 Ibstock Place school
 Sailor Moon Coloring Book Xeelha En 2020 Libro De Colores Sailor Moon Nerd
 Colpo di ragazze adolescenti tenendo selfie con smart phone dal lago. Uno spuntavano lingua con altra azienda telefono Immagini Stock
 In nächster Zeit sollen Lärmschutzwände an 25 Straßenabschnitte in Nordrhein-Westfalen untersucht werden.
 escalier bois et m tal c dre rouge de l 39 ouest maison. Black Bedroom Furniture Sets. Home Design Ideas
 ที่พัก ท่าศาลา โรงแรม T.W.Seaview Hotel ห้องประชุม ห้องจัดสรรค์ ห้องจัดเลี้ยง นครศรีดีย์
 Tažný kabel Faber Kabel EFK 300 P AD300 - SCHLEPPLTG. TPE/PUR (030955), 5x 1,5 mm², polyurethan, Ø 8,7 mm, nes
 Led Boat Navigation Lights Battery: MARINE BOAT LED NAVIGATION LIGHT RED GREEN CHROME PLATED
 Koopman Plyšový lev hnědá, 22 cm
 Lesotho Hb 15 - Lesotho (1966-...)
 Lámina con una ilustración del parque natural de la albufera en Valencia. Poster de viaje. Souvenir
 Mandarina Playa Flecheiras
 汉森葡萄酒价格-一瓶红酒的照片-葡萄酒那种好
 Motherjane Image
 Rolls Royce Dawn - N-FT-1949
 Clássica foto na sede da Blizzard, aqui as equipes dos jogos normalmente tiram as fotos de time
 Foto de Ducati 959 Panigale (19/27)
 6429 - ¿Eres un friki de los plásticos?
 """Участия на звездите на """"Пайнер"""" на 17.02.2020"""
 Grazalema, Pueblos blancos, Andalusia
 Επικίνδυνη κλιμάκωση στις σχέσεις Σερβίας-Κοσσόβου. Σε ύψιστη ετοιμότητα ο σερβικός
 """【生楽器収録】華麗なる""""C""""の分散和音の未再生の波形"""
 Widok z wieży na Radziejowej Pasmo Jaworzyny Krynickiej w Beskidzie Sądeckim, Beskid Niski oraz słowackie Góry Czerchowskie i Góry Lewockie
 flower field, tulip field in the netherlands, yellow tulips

--------------------------------

Could you retype exactly the lines from the one containing "Sailor Moon Coloring" through the final line of the data above, and no others?

**Expected answer**
 Sailor Moon Coloring Book Xeelha En 2020 Libro De Colores Sailor Moon Nerd
 Colpo di ragazze adolescenti tenendo selfie con smart phone dal lago. Uno spuntavano lingua con altra azienda telefono Immagini Stock
 In nächster Zeit sollen Lärmschutzwände an 25 Straßenabschnitte in Nordrhein-Westfalen untersucht werden.
 escalier bois et m tal c dre rouge de l 39 ouest maison. Black Bedroom Furniture Sets. Home Design Ideas
 ที่พัก ท่าศาลา โรงแรม T.W.Seaview Hotel ห้องประชุม ห้องจัดสรรค์ ห้องจัดเลี้ยง นครศรีดีย์
 Tažný kabel Faber Kabel EFK 300 P AD300 - SCHLEPPLTG. TPE/PUR (030955), 5x 1,5 mm², polyurethan, Ø 8,7 mm, nes
 Led Boat Navigation Lights Battery: MARINE BOAT LED NAVIGATION LIGHT RED GREEN CHROME PLATED
 Koopman Plyšový lev hnědá, 22 cm
 Lesotho Hb 15 - Lesotho (1966-...)
 Lámina con una ilustración del parque natural de la albufera en Valencia. Poster de viaje. Souvenir
 Mandarina Playa Flecheiras
 汉森葡萄酒价格-一瓶红酒的照片-葡萄酒那种好
 Motherjane Image
 Rolls Royce Dawn - N-FT-1949
 Clássica foto na sede da Blizzard, aqui as equipes dos jogos normalmente tiram as fotos de time
 Foto de Ducati 959 Panigale (19/27)
 6429 - ¿Eres un friki de los plásticos?
 """Участия на звездите на """"Пайнер"""" на 17.02.2020"""
 Grazalema, Pueblos blancos, Andalusia
 Επικίνδυνη κλιμάκωση στις σχέσεις Σερβίας-Κοσσόβου. Σε ύψιστη ετοιμότητα ο σερβικός
 """【生楽器収録】華麗なる""""C""""の分散和音の未再生の波形"""
 Widok z wieży na Radziejowej Pasmo Jaworzyny Krynickiej w Beskidzie Sądeckim, Beskid Niski oraz słowackie Góry Czerchowskie i Góry Lewockie
 flower field, tulip field in the netherlands, yellow tulips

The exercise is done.